##### Information provided

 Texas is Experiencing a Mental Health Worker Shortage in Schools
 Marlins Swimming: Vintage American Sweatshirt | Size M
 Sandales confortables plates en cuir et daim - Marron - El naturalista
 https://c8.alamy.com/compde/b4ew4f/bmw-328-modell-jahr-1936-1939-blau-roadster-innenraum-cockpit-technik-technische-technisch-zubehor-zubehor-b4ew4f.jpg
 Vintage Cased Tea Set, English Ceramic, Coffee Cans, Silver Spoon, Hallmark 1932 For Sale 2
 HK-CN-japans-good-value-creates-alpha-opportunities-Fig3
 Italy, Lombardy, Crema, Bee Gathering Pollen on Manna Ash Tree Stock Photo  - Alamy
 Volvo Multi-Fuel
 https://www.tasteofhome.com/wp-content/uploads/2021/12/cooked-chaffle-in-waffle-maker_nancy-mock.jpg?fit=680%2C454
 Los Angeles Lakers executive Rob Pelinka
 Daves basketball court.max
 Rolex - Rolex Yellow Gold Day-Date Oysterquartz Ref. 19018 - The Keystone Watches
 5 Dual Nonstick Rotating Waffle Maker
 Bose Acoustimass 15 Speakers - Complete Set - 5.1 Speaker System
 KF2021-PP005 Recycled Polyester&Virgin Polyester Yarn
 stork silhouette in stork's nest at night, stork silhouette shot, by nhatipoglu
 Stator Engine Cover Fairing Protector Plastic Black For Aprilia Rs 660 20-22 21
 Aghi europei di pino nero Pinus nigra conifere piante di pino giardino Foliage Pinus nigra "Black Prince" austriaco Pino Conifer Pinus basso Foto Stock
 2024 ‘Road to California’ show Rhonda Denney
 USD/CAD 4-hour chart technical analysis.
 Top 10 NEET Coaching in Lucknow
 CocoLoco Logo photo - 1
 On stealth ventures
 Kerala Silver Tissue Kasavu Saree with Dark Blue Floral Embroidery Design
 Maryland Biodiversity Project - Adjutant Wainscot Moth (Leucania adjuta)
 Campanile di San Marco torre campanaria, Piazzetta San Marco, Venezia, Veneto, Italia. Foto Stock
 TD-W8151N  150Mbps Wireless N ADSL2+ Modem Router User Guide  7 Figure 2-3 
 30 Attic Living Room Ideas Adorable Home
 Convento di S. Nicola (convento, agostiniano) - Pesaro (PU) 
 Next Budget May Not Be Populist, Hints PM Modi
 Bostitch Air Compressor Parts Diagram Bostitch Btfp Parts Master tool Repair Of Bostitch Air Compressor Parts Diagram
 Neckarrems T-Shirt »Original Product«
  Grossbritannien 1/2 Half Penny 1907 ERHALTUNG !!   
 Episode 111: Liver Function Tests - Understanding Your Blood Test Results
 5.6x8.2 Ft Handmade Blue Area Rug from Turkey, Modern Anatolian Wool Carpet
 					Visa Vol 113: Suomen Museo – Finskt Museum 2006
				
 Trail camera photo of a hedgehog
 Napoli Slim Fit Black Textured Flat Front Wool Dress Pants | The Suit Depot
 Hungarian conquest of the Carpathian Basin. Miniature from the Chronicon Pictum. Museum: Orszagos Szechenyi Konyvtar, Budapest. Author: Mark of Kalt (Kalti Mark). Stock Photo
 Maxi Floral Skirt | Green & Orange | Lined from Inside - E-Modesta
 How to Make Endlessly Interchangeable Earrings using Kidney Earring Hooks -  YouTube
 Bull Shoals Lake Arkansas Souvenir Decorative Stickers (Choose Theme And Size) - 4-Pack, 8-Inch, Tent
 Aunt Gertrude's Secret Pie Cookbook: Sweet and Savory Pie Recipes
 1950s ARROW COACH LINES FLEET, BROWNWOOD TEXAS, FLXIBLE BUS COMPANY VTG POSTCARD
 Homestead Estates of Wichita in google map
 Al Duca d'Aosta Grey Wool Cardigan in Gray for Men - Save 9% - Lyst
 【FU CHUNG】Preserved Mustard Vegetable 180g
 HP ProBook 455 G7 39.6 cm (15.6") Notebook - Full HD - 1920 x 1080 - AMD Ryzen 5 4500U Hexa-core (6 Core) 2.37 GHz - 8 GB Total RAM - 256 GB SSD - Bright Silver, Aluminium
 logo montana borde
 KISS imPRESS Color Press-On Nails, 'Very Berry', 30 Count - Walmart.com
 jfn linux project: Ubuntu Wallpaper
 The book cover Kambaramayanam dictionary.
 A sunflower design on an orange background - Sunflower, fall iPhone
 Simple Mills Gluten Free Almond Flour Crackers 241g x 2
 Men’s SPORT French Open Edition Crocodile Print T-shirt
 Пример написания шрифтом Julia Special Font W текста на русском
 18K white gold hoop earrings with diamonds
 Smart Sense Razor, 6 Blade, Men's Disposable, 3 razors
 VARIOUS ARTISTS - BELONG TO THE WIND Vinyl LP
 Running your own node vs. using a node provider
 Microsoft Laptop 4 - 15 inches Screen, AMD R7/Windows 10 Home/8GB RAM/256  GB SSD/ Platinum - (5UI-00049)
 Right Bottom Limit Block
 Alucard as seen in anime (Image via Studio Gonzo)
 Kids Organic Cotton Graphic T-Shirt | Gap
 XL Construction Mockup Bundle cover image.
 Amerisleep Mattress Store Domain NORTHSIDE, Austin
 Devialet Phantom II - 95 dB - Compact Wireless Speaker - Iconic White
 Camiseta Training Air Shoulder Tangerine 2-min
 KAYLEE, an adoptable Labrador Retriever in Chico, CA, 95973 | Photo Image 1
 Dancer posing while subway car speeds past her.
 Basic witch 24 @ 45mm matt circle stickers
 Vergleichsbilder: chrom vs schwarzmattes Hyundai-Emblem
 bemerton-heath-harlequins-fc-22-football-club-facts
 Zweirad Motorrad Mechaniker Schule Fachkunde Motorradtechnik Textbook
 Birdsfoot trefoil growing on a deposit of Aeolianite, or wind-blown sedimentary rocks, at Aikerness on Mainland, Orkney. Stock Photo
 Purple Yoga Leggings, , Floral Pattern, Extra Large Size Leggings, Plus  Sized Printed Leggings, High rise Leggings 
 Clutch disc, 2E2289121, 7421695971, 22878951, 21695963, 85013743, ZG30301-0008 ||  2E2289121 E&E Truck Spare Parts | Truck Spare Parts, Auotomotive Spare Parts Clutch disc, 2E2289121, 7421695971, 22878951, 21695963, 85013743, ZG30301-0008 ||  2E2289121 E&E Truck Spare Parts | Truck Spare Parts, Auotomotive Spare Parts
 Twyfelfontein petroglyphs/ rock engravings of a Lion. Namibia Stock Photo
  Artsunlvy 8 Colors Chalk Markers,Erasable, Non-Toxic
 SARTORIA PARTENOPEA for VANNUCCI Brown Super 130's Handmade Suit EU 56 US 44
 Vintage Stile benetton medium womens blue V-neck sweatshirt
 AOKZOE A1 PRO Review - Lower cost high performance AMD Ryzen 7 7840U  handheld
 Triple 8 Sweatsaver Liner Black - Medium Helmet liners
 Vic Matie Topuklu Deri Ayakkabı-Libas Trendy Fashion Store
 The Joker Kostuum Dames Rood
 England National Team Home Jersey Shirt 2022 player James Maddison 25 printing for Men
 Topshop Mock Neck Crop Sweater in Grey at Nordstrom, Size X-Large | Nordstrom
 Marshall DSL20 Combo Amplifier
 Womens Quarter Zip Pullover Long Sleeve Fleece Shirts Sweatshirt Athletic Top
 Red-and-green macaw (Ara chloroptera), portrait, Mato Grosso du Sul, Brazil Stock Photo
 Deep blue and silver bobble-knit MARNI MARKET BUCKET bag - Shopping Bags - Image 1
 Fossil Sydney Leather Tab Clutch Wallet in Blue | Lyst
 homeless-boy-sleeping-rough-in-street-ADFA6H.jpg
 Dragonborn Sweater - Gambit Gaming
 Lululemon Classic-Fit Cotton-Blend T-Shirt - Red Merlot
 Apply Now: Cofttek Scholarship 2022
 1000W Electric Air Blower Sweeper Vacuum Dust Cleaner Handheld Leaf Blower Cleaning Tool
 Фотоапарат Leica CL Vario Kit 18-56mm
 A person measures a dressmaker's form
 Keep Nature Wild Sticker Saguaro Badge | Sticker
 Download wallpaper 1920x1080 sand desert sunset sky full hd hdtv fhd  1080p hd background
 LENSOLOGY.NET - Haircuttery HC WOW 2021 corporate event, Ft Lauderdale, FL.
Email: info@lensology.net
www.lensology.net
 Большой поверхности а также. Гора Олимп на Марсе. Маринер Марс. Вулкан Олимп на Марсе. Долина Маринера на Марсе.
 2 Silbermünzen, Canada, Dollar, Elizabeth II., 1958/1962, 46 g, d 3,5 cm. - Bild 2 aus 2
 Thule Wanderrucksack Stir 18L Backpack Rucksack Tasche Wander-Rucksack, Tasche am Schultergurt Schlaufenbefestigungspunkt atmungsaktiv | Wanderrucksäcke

##########

**Problem details**:
For this exercise, output exactly the lines above from the line with "Mustard Vegetable 180g" to the line with "Simple Mills Gluten", counting both, and leave out the rest.

**Answer to this problem**:
 【FU CHUNG】Preserved Mustard Vegetable 180g
 HP ProBook 455 G7 39.6 cm (15.6") Notebook - Full HD - 1920 x 1080 - AMD Ryzen 5 4500U Hexa-core (6 Core) 2.37 GHz - 8 GB Total RAM - 256 GB SSD - Bright Silver, Aluminium
 logo montana borde
 KISS imPRESS Color Press-On Nails, 'Very Berry', 30 Count - Walmart.com
 jfn linux project: Ubuntu Wallpaper
 The book cover Kambaramayanam dictionary.
 A sunflower design on an orange background - Sunflower, fall iPhone
 Simple Mills Gluten Free Almond Flour Crackers 241g x 2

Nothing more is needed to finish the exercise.